The checklists in each section are intended to provide a structured listing of the key issues covered in the text that should be addressed as part of an action plan evaluation. The following questions relate to the material covered in this section of ORGAPET and should be answered at the planning stage of an evaluation. Normally this will be from the perspective of the person/institution organising the evaluation, but it can also be undertaken by others with an interest in the evaluation process.

1. What is the purpose (aims, objectives, desired outcomes) of the evaluation (in your own words)?

2. What is to be evaluated (define the scope e.g. national action plan from 2000-2005 be as specific as possible)?

3. Was an evaluation planned for from the outset, with an appropriate monitoring programme and baseline data in place?

4. When (at what stage of the policy cycle) is the evaluation to be carried out (ex-ante, mid-term, ex-post)?

5. What type of evaluation is needed (formative = to assist future planning; summative = to evaluate past actions; or both)?

6. With reference to Tables A5-1 and A5-2, classify the evaluation type as A, B, C or D.

7. Who (which agency/organisation) will commission the evaluation?

8. Who will conduct the evaluation (consultants, stakeholders, others)?

9. What is the timescale (schedule) over which the evaluation should be conducted?

9. How and by whom can the results of the evaluation be used (dissemination and decision making)?

10. Have any relevant evaluations or reviews been conducted previously (the results will be relevant in Part B and Part C)?

11. Will the evaluation meet (or has it met) the quality assurance guidelines (specify whether SEVAL or MEANS or other)?

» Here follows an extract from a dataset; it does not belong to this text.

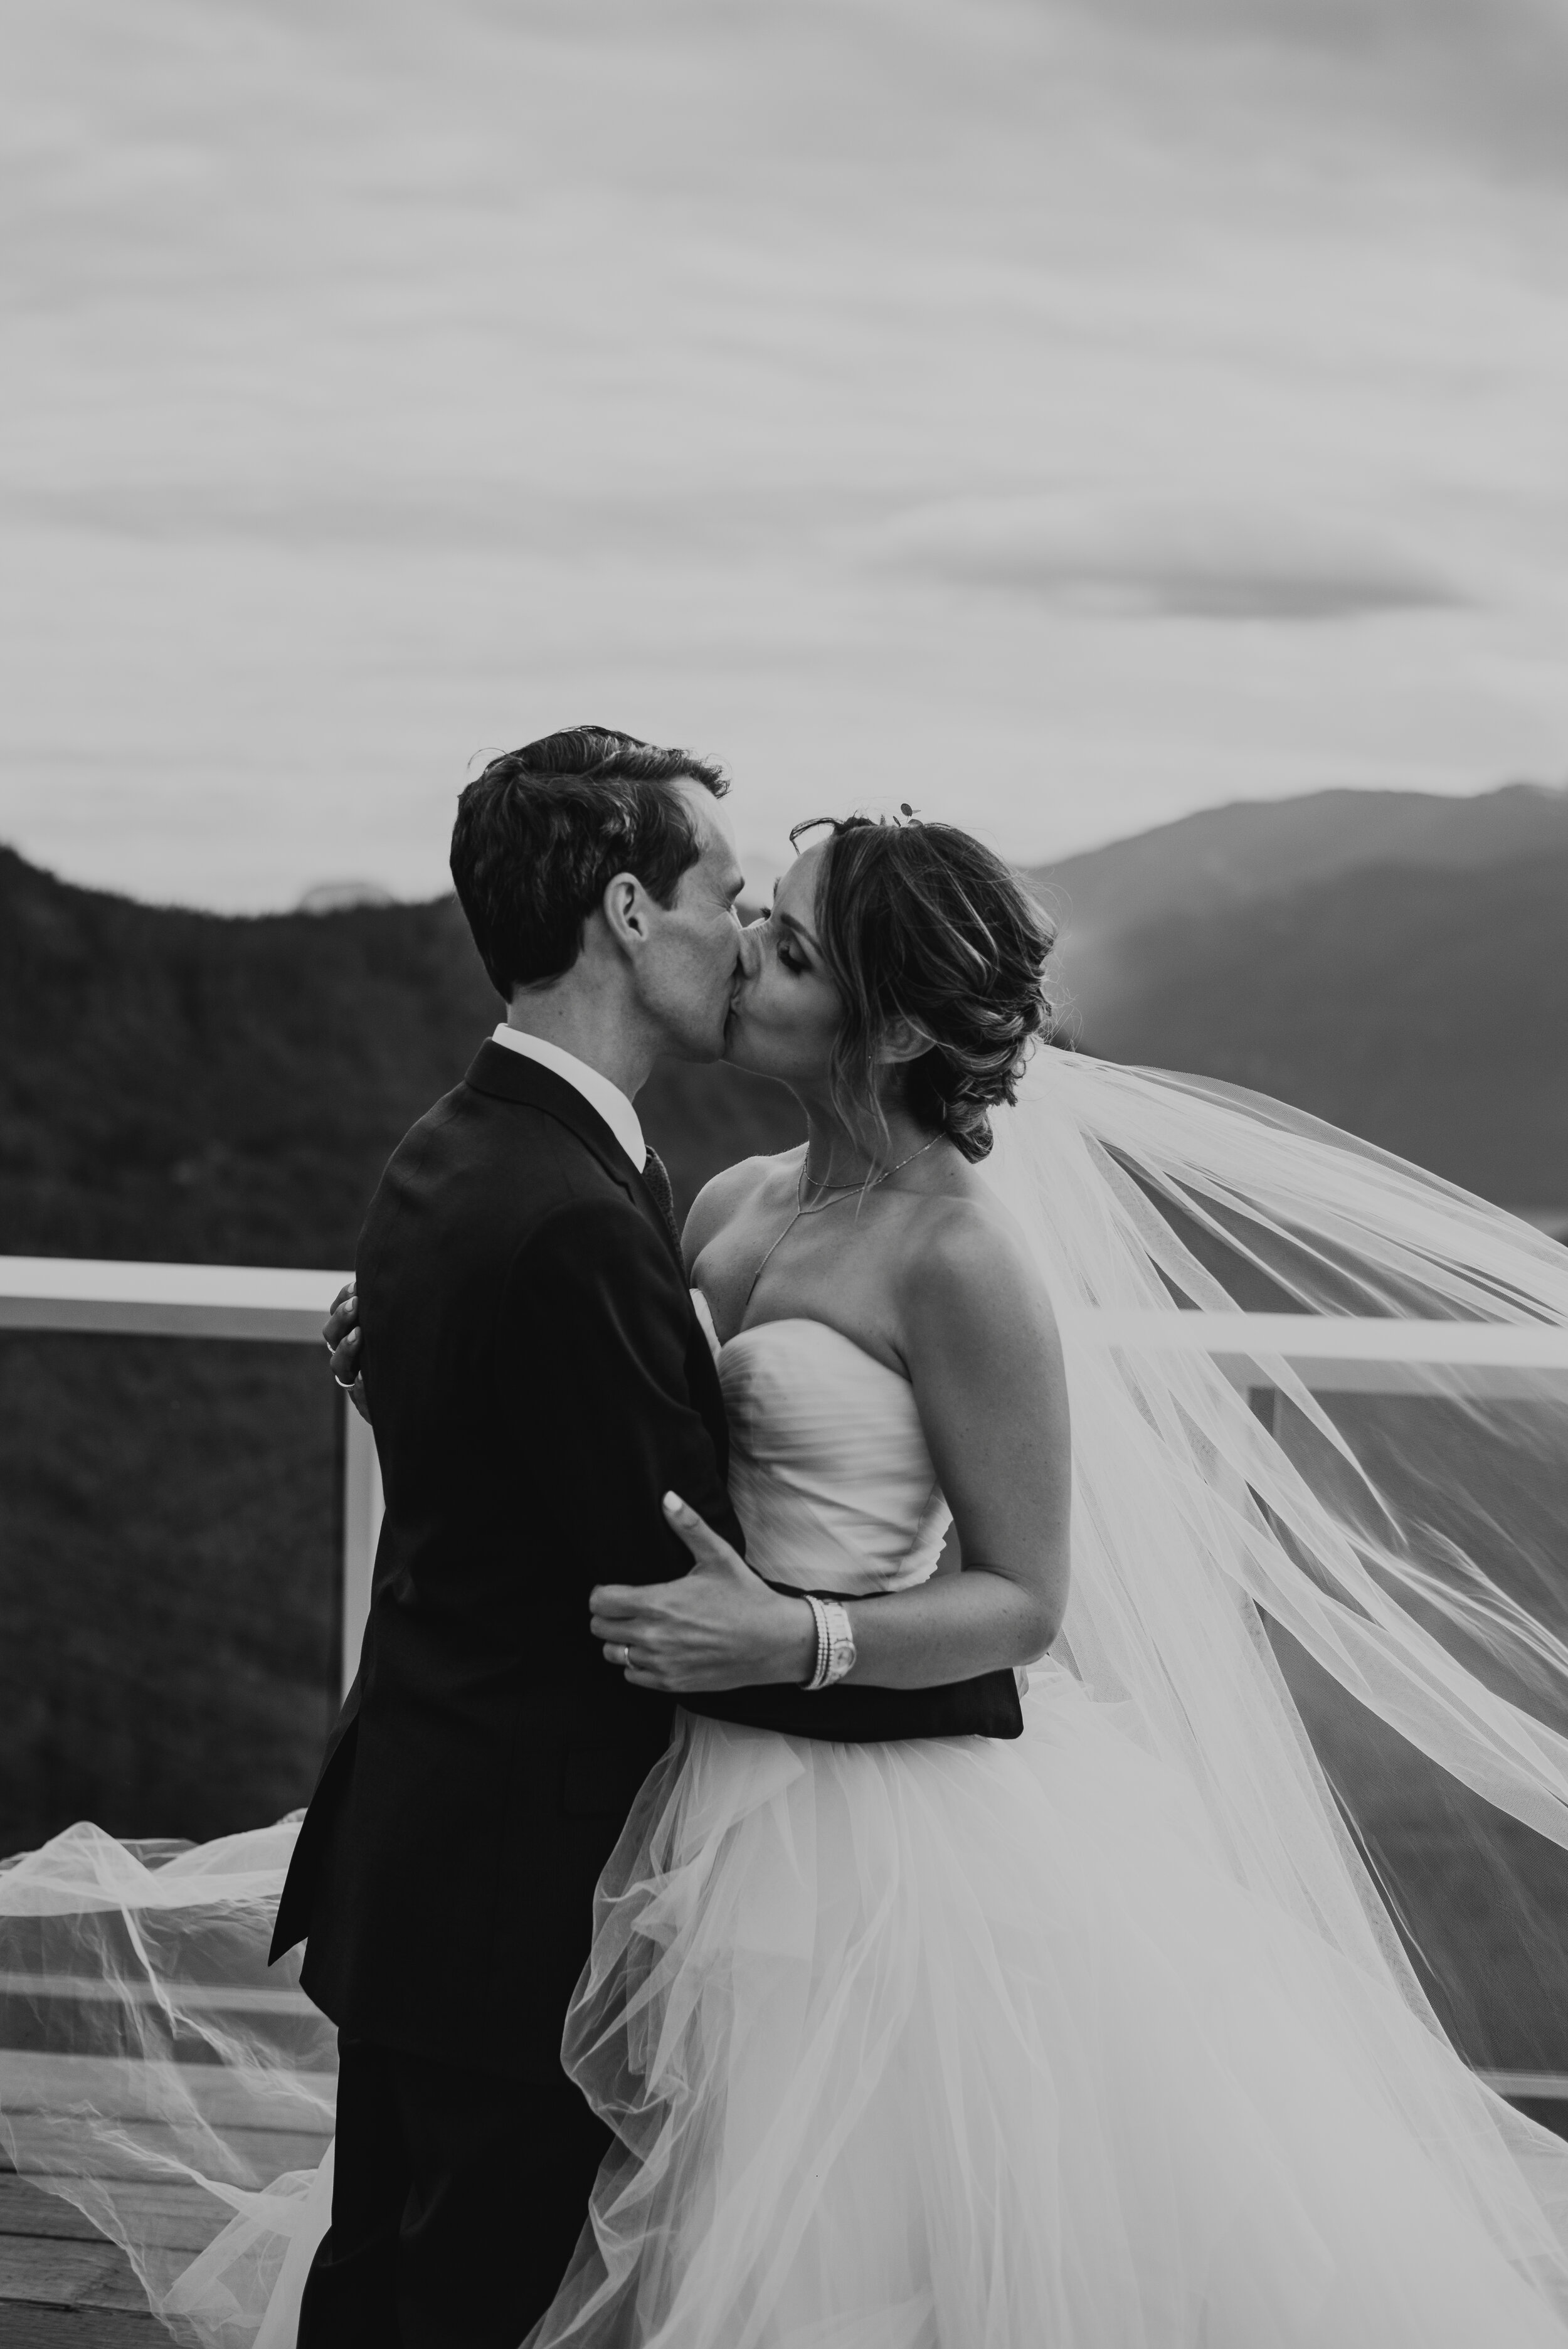 Hayley & Jon Sea to Sky Gondola Wedding - June 17, 2019 - Laura Olson Photography - Sea to Sky Wedding Photographer-3868.jpg

12. Have clear terms of reference for the evaluation been defined?

A5-8    References

EC (1999) Evaluating Socio-economic Programmes. MEANS Collection Vols. 1-6. Office for Official Publications of the European Communities, Luxembourg.

Patton, C. and D. Sawicki (1993) Basic Methods of Policy Analysis and Planning, 2nd Edition, Englewood Cliffs, Prentice-Hall, New Jersey, USA.

Stockmann R. (2004) Was ist eine gute Evaluation? CEVAL, Arbeitspapier Nr. 9. Centrum für Evaluation, Saarbrücken. 

Widmer, T., C. Landert and N. Bachmann (2000) Evaluation Standards of SEVAL, the Swiss Evaluation Society.

Vedung, E. (1997) Public Policy and Program Evaluation. Transaction Publishers, New Brunswick, New Jersey, USA.

Weiss, C. (1998) Evaluation Methods for Studying Programs and Policies. Second Edition. Prentice-Hall, Inc., Simon & Schuster/A Viacom Company, Upper Saddle River, New Jersey, USA.

A5-9    Annexes

No annexes are currently included in this section.